SUPPLIED DATA:
>>>

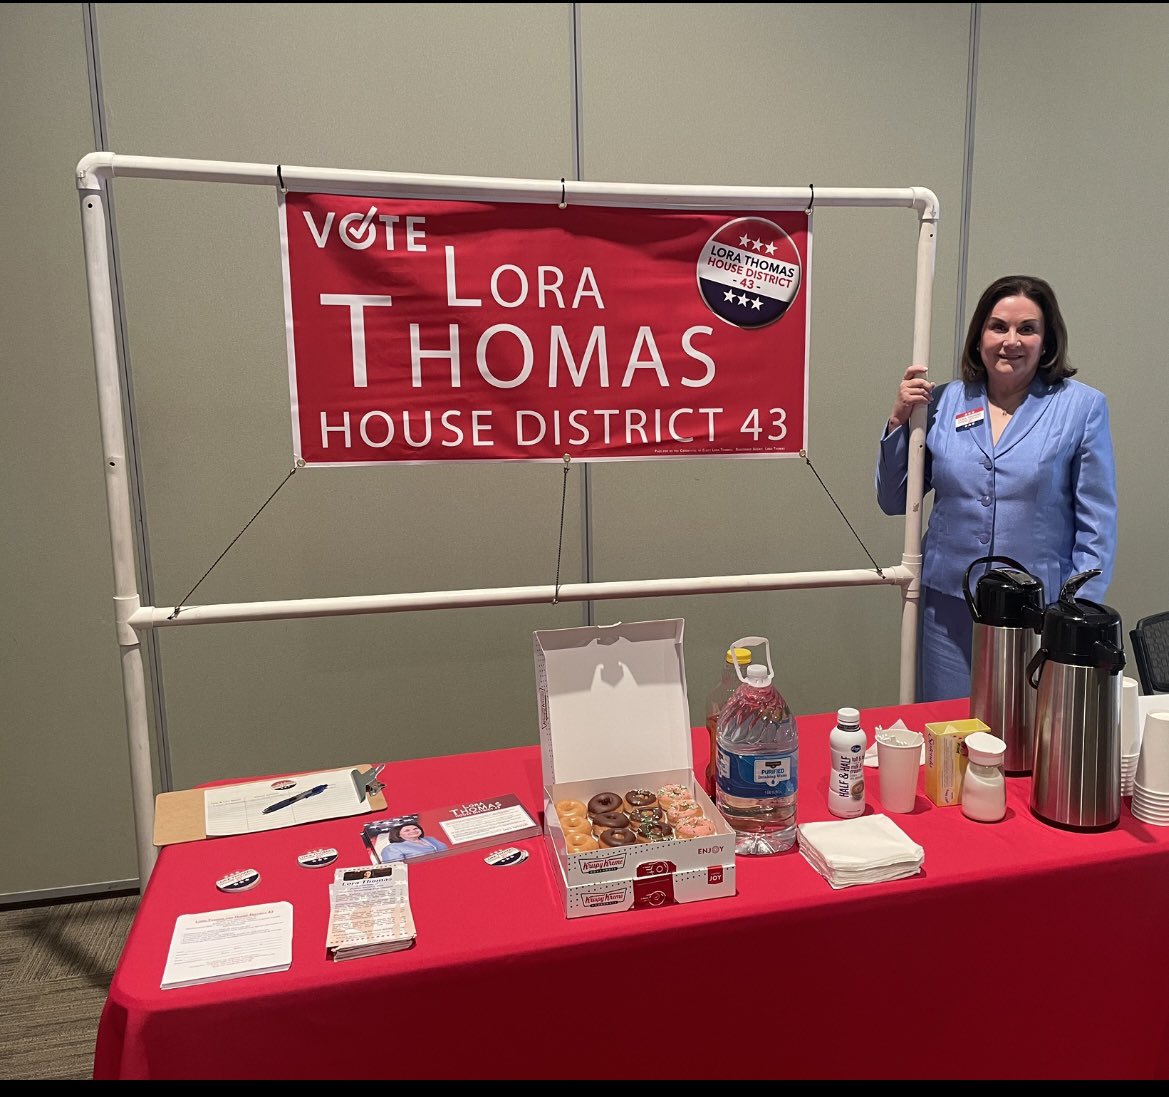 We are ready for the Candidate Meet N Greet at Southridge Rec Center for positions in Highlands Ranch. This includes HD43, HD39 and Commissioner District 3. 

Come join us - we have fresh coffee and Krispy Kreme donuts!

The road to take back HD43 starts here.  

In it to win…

<<<
>>>

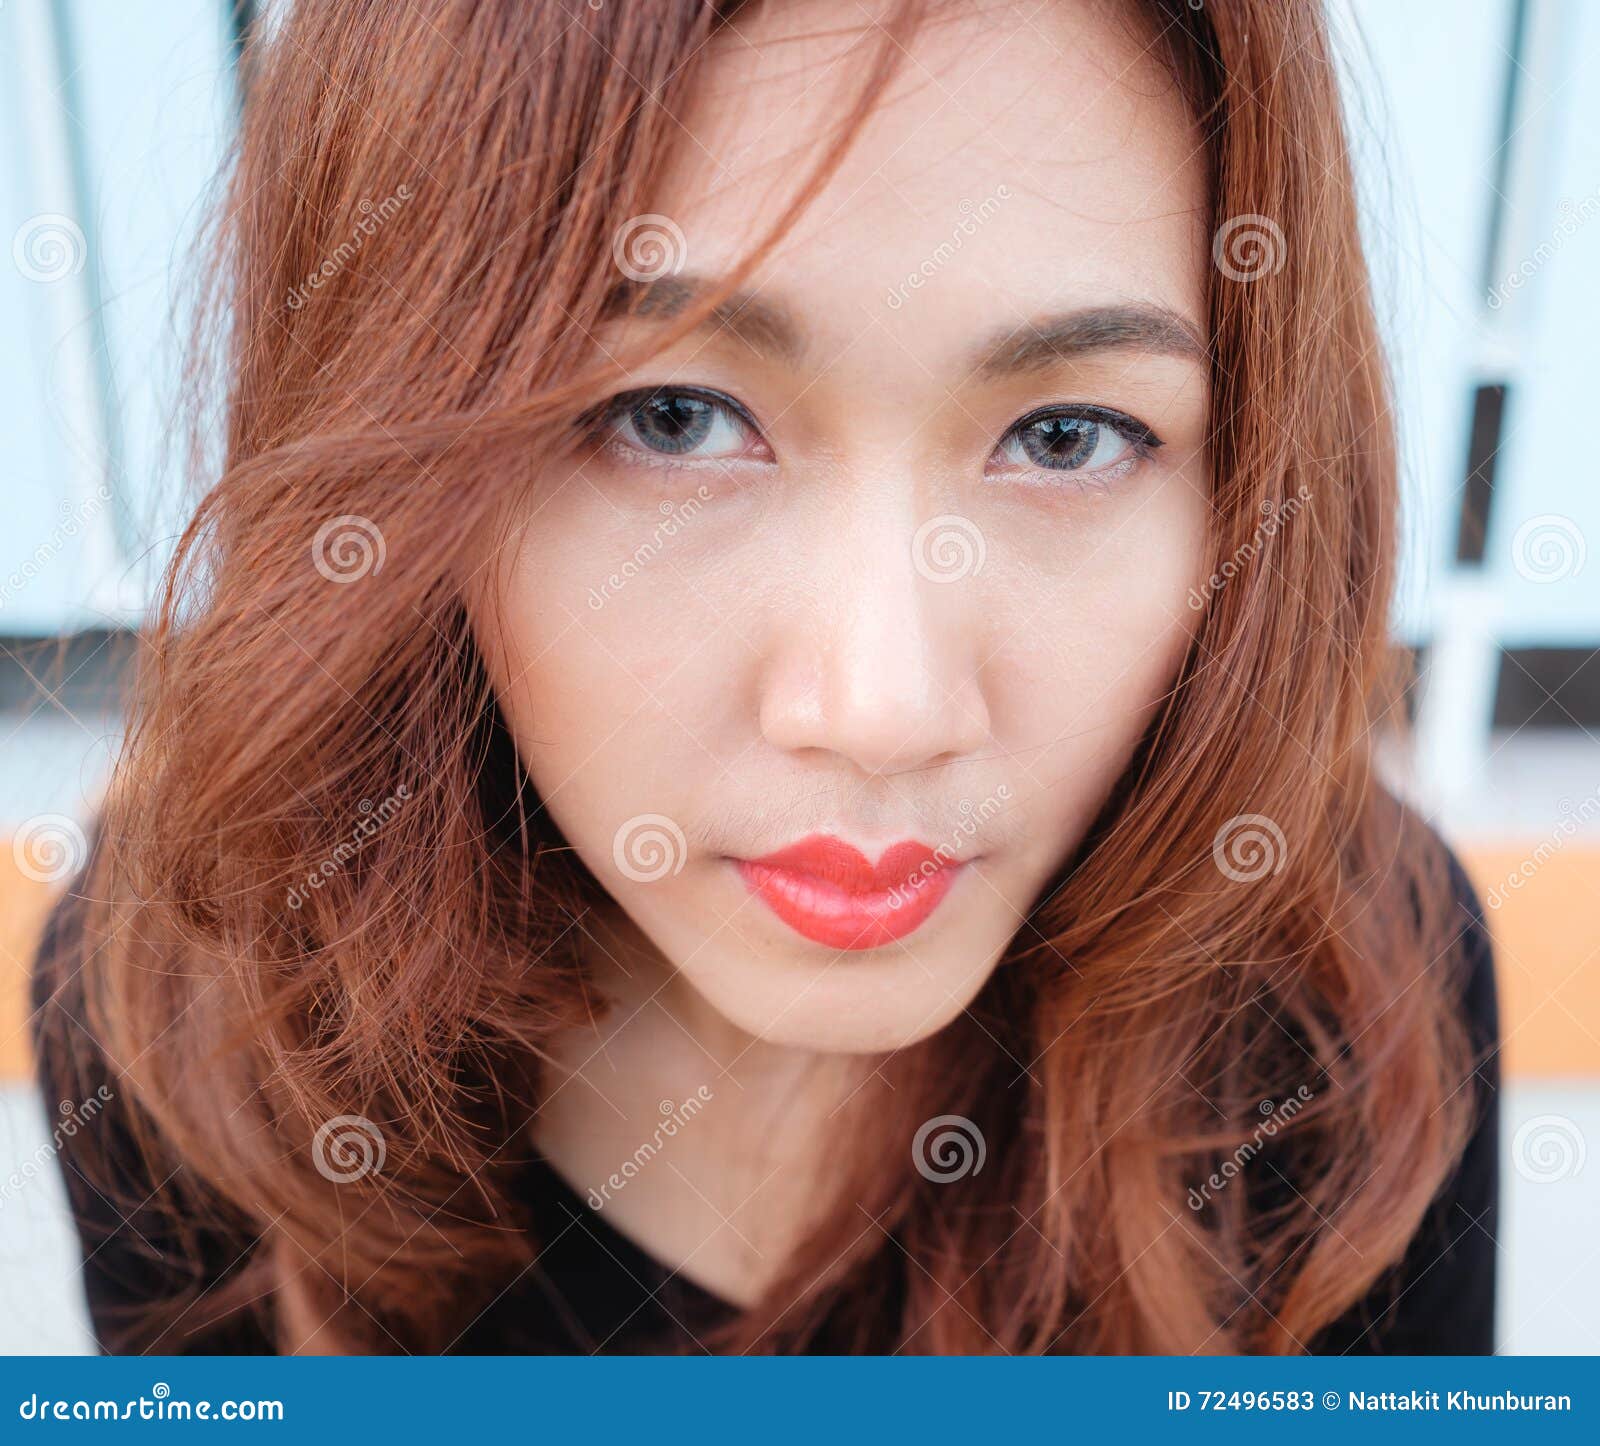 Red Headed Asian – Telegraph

<<<
>>>

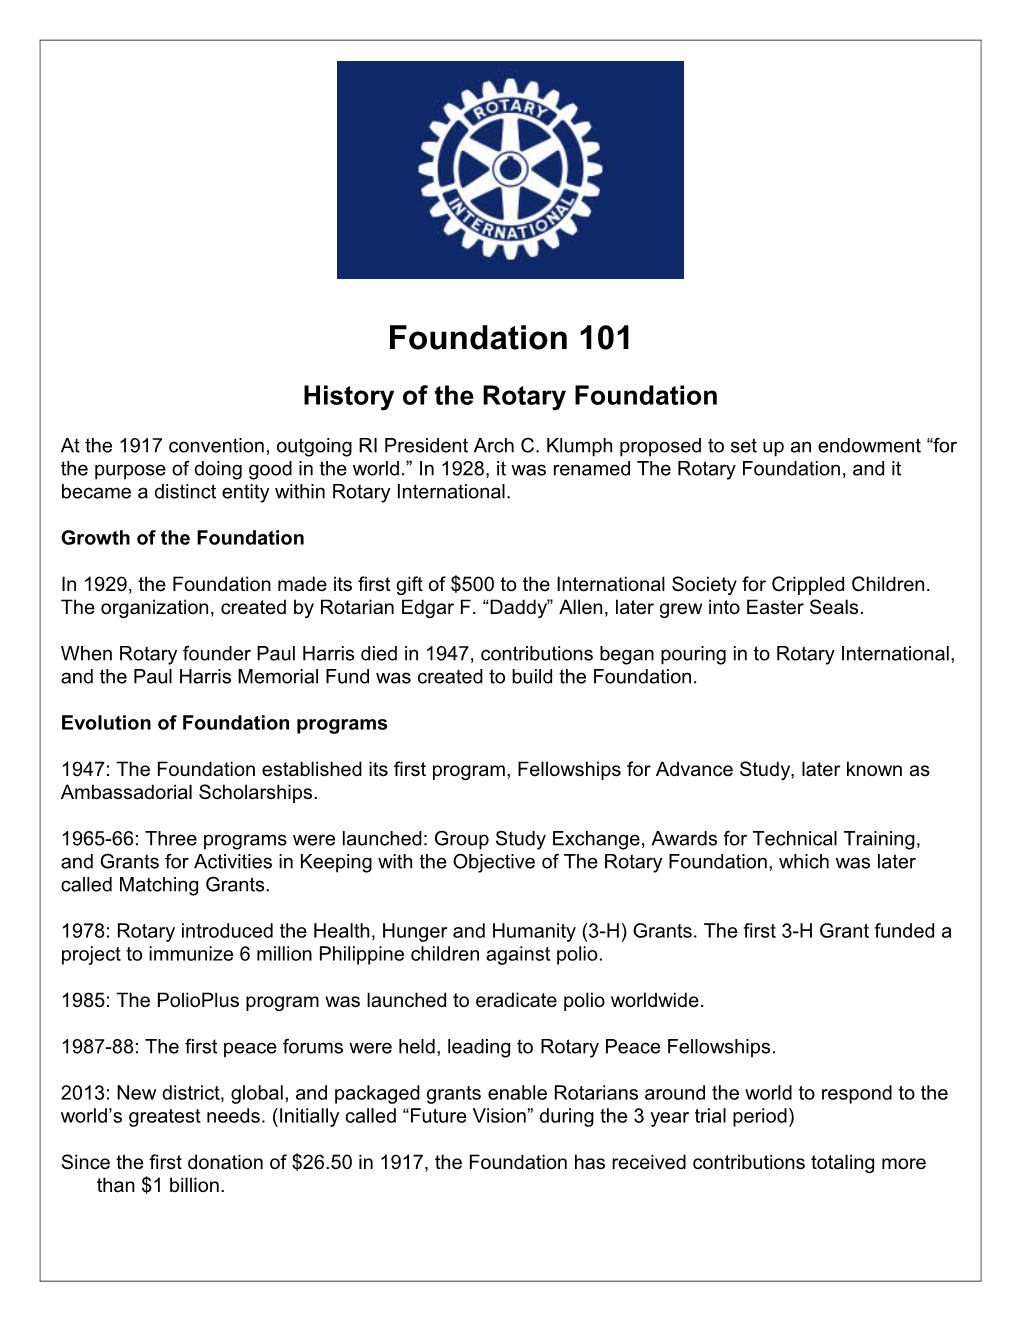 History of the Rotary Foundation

<<<

PROBLEM TO WORK ON:
In the data above, find the line containing "We are ready" and the line containing "The road to take back HD43 starts here.". Repeat those two lines and everything between them exactly, minus the pictures.

RESULT:
 We are ready for the Candidate Meet N Greet at Southridge Rec Center for positions in Highlands Ranch. This includes HD43, HD39 and Commissioner District 3. 

Come join us - we have fresh coffee and Krispy Kreme donuts!

The road to take back HD43 starts here.  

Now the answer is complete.